For politicians, Bercow's move opened new lanes through the Brexit chaos that could help them achieve their preferred outcome.

Ian Blackford, the parliamentary leader of the Scottish National Party, said Bercow's ruling showed the government was “trying to bully and blackmail parliament to vote for something that had the biggest defeat in parliamentary history.” He called on the government to begin talks with opposition parties to forge agreement on Brexit. His party wants Britain to remain in the EU.

But on the other side, pro-Brexit Tories reportedly see Bercow's move as trapping May and helping their cause of seeing Britain leave the EU without a deal.
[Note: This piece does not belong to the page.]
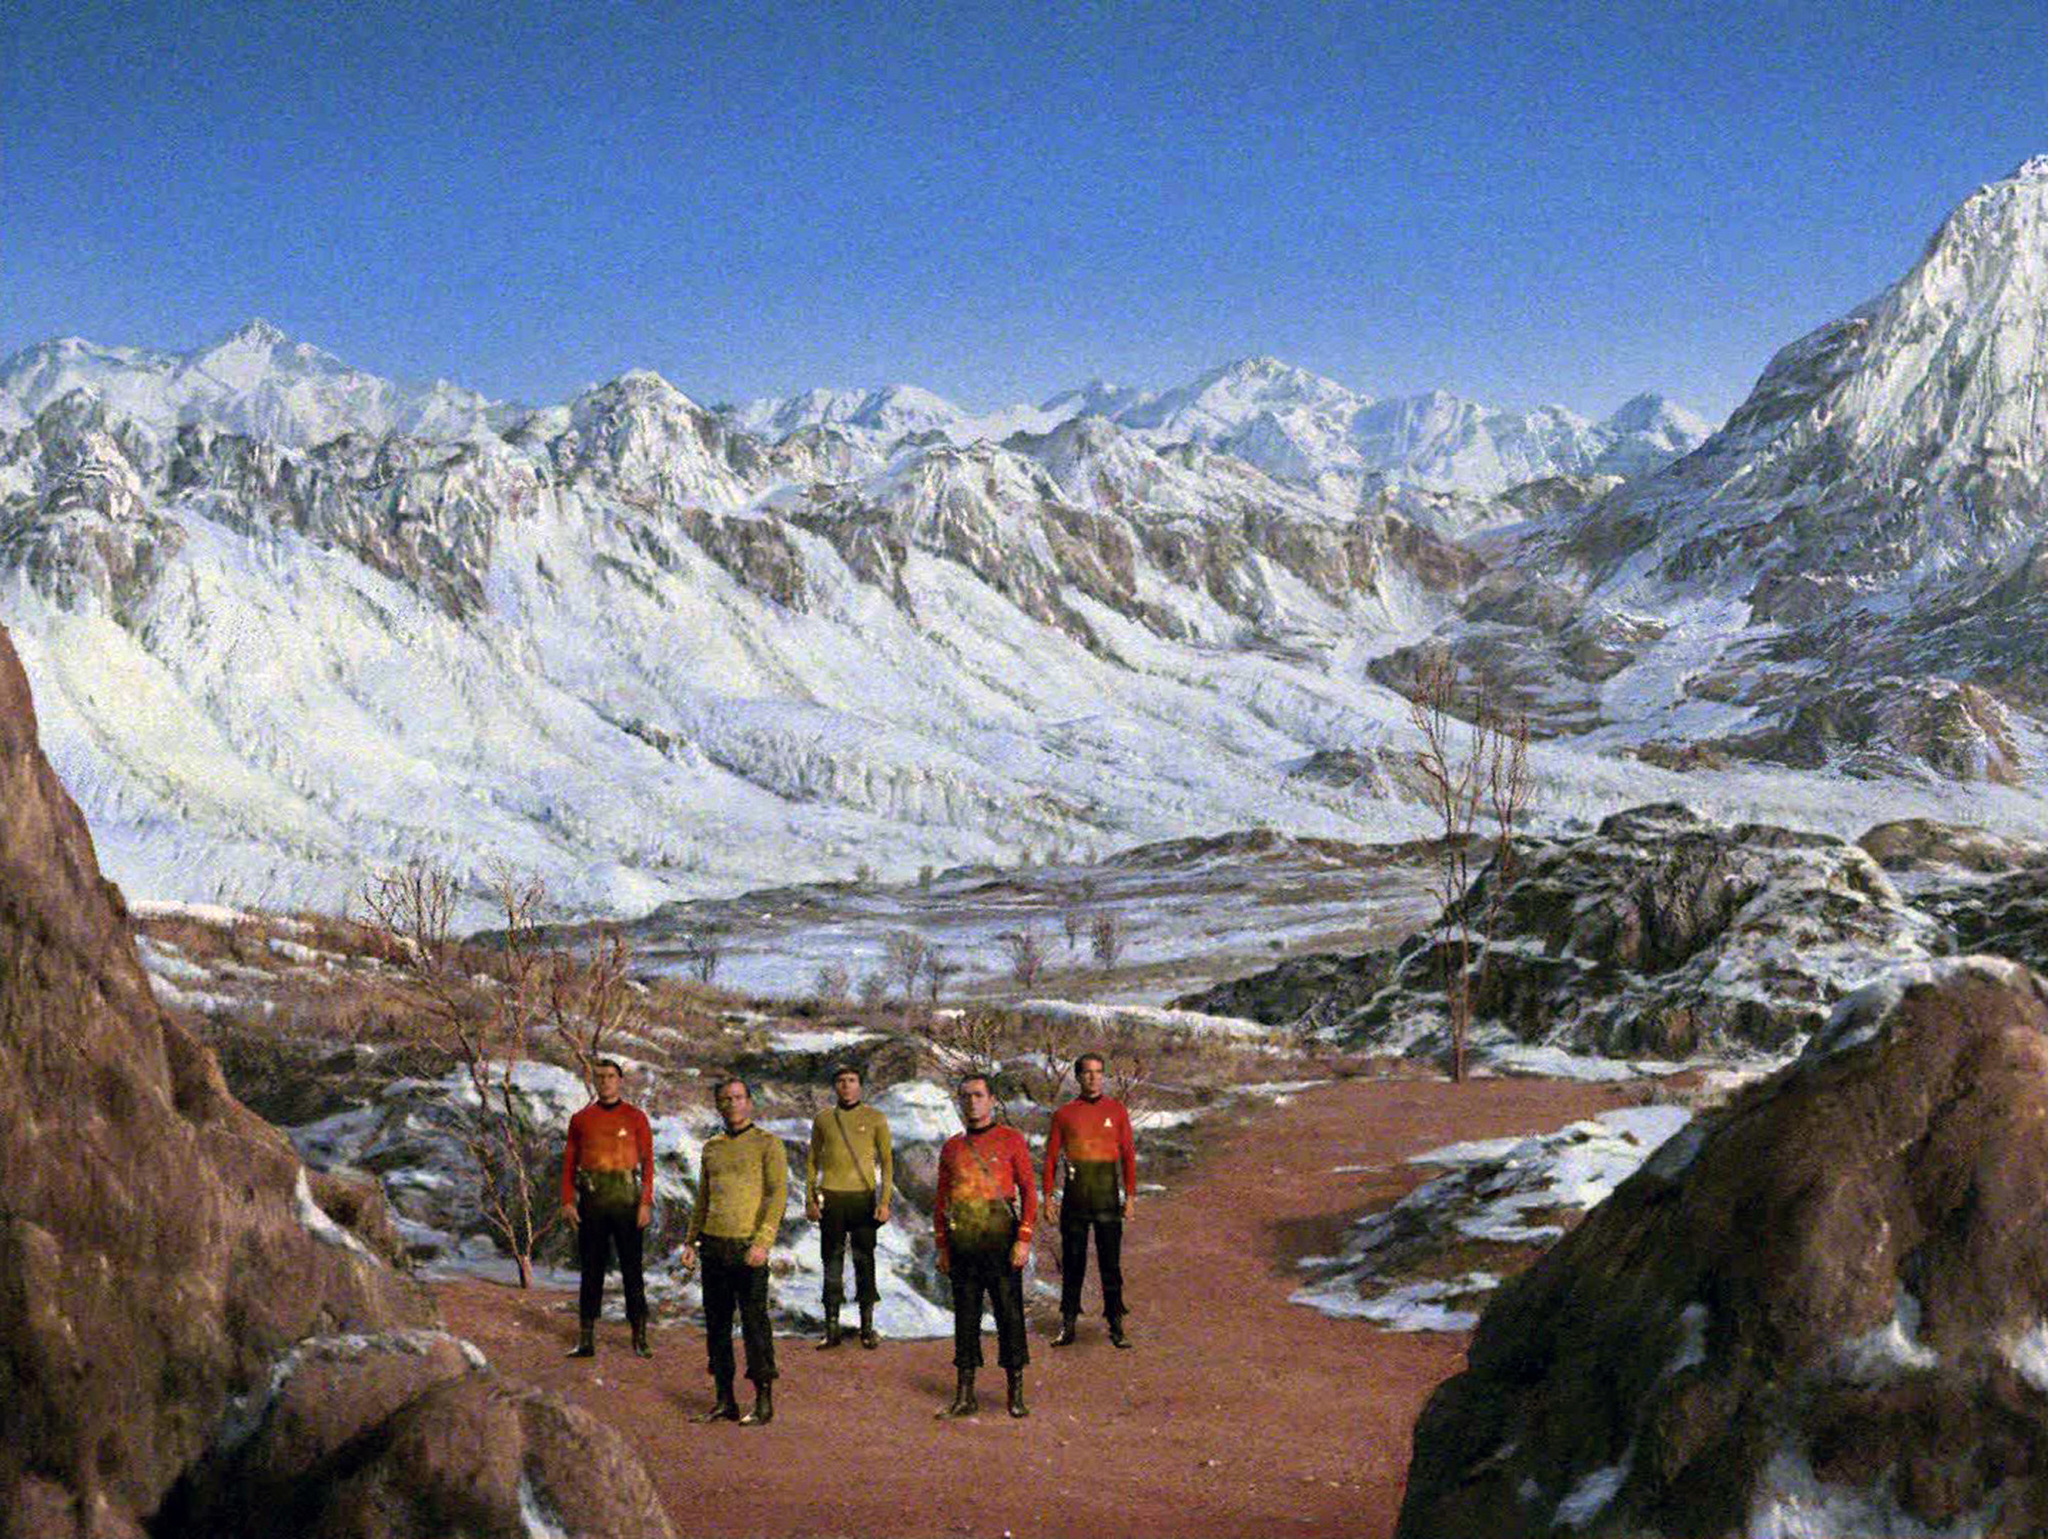 Still of Walter Koenig, William Shatner and James Doohan in Star Trek (1966)

Economists warn this would be catastrophic, but hard-line politicians say those fears are overblown.

“Brexit hardliners have backed the explosive ruling that has left prime minister's plans lying in tatters today,” the Daily Mail reported. The newspaper reported Parliament members with a hard-line Brexit group “were heard whistling the 'Great Escape' theme tune in the Commons tea room last night in the belief Mr. Bercow's bombshell makes their hopes of no deal more likely.”

On Wednesday morning, the headlines of London's newspapers will surely be blazoned with Brexit anxiety again – nine days before Brexit day.

(Courthouse News reporter Cain Burdeau is based in the European Union.)